Le rideau de fumée sécuritaire

Le gouvernement tente de sortir de sa mauvaise passe, de faire oublier la série de faux pas, depuis l’affaire Frédéric Mitterrand jusqu’à l’erreur de touche, vendredi dernier, du député Jean-François Lamour qui a permis l’adoption d’un amendement visant à taxer les banques. Il a même fallu que le chef de l’Etat retourne à Gandrange et qu’il recule sur la nomination de Jean Sarkozy : c’est dire combien l’heure est grave et qu’il est plus que temps pour la droite au pouvoir de reprendre l’offensive, à quelques mois des régionales.

C’est sur le terrain de l’ordre et de la sécurité que le tempo est redonné. Alors que la crise économique n’a pas fini de produire ses effets, que les inquiétudes sociales sont fortes en matière de niveau de vie et de sécurisation des parcours professionnels, il s’agit de mettre le paquet sur le registre classique du sarkozysme, celui qui empiète sur le terrain du Front National, celui auquel on prête la victoire à la dernière présidentielle.

Et voilà, la petite musique de l’autorité se réinstalle, comme un rideau de fumée pour masquer les couacs au sommet. L’opération vise aussi, sans doute, à détourner l’attention d’un fait : le maintien du cap économique, illustré par le vote du budget 2010 qui comporte le paquet fiscal maintenu, la réforme de la taxe professionnelle permettant d’assécher un peu plus les finances locales sans léser les entreprises, le non remplacement d’un fonctionnaire sur deux partant à la retraite ou encore la fiscalité écologique socialement injuste.

Alors, c’est parti… Tout azimut, de la nouvelle mouture du fichier Edvige, qui permet notamment l’inscription des mineurs à partir de l’âge de 13 ans, au débat lancé par Michèle Alliot-Marie sur la castration chimique des violeurs, la période toute récente regorge d’exemples. Le ministre de l’Intérieur Brice Hortefeux était d’ailleurs l’invité d’Arlette Chabot la semaine dernière sur France 2 et nous avons eu droit à la tirade contre les « caïds de banlieue ». En cette période de défaillance capitaliste, la délinquance financière n’est pas le cœur de cible. Elle peut dormir tranquille : retour aux boucs-émissaires intemporels, en gros les jeunes arabo-musulmans des quartiers populaires…

Autres ennemis de l’intérieur : l’ultra-gauche ! On se souvient de l’affaire Tarnac, aujourd’hui, ça se passe à Poitiers. Le 10 octobre dernier, après une manifestation contre le transfert de détenus, 18 personnes ont été interpellées par la police. La préfecture et le ministère de l’Intérieur ont immédiatement dénoncé des opérations de type commando de militants de l’ultra-gauche. Si les dossiers d’instruction ressemblent à ceux de Julien Coupat, ça promet…
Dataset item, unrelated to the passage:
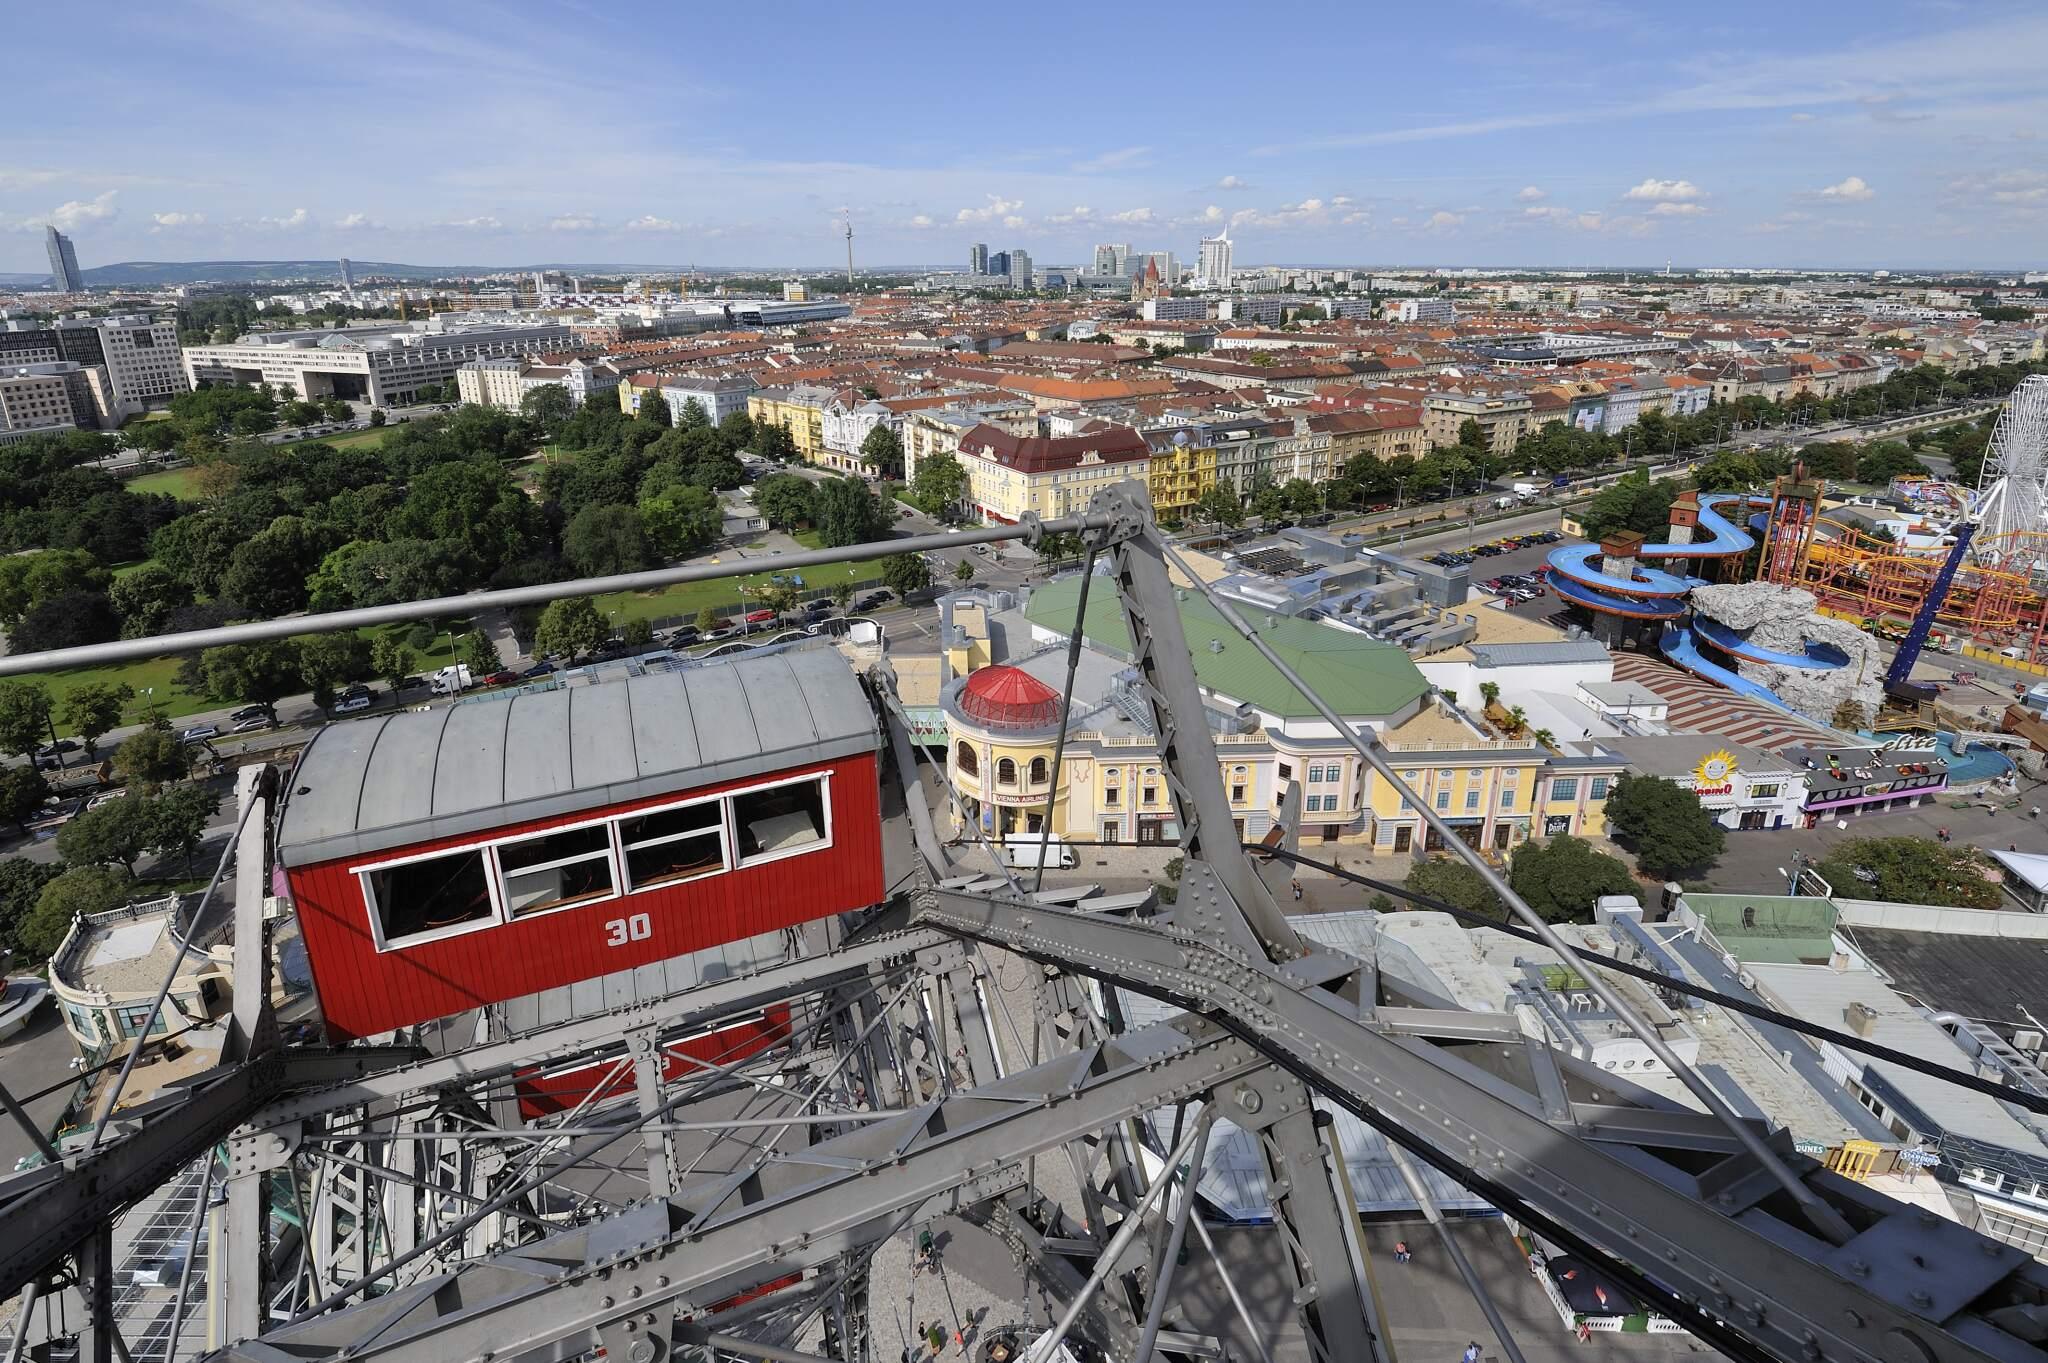 Ausblick über die Stadt Wien vom Riesenrad im Prater (2. Bezirk)

Mais le meilleur élève de la ligne ordre et sécurité, c’est sans doute Eric Besson. On le savait, les nouveaux convertis sont les plus zélés… Le ministre n’a donc pas manqué de frapper les esprits sur la politique migratoire : après la fermeture du campement de Calais, ce fut la semaine dernière l’expulsion de trois Afghans dans leur pays d’origine, en guerre, bafouant allégrement la logique du droit des réfugiés. La gauche a eu beau crier au scandale, le premier ministre François Fillon assume et enfonce le clou : la France, a-t-il dit, « n’a pas à s’excuser, ni à culpabiliser ». Fermez le ban.

Le gouvernement se veut intransigeant. Il y eut également la semaine dernière, à Paris et à Rouen, une descente de police pour arrêter des sans-papiers lors d’une distribution de repas par les Restos du cœur. Il y a quelques mois, le ministre Besson affirmait que « les lieux dans lesquels est apportée l’aide humanitaire doivent en quelque sorte être sanctuarisés ». Terminé : l’heure n’est pas à l’humanité mais à la fermeté.

Et pour animer plus encore la diversion, le ministre vient de proposer un débat sur l’identité nationale. Nous n’avons pas besoin d’un grand colloque théorique pour faire le point sur ce que nous sommes mais de retisser le lien social, de trouver une articulation nouvelle entre individu et collectif, pour que l’appartenance à une communauté, la République française, fasse à nouveau pleinement sens et rime concrètement avec liberté, égalité, solidarité.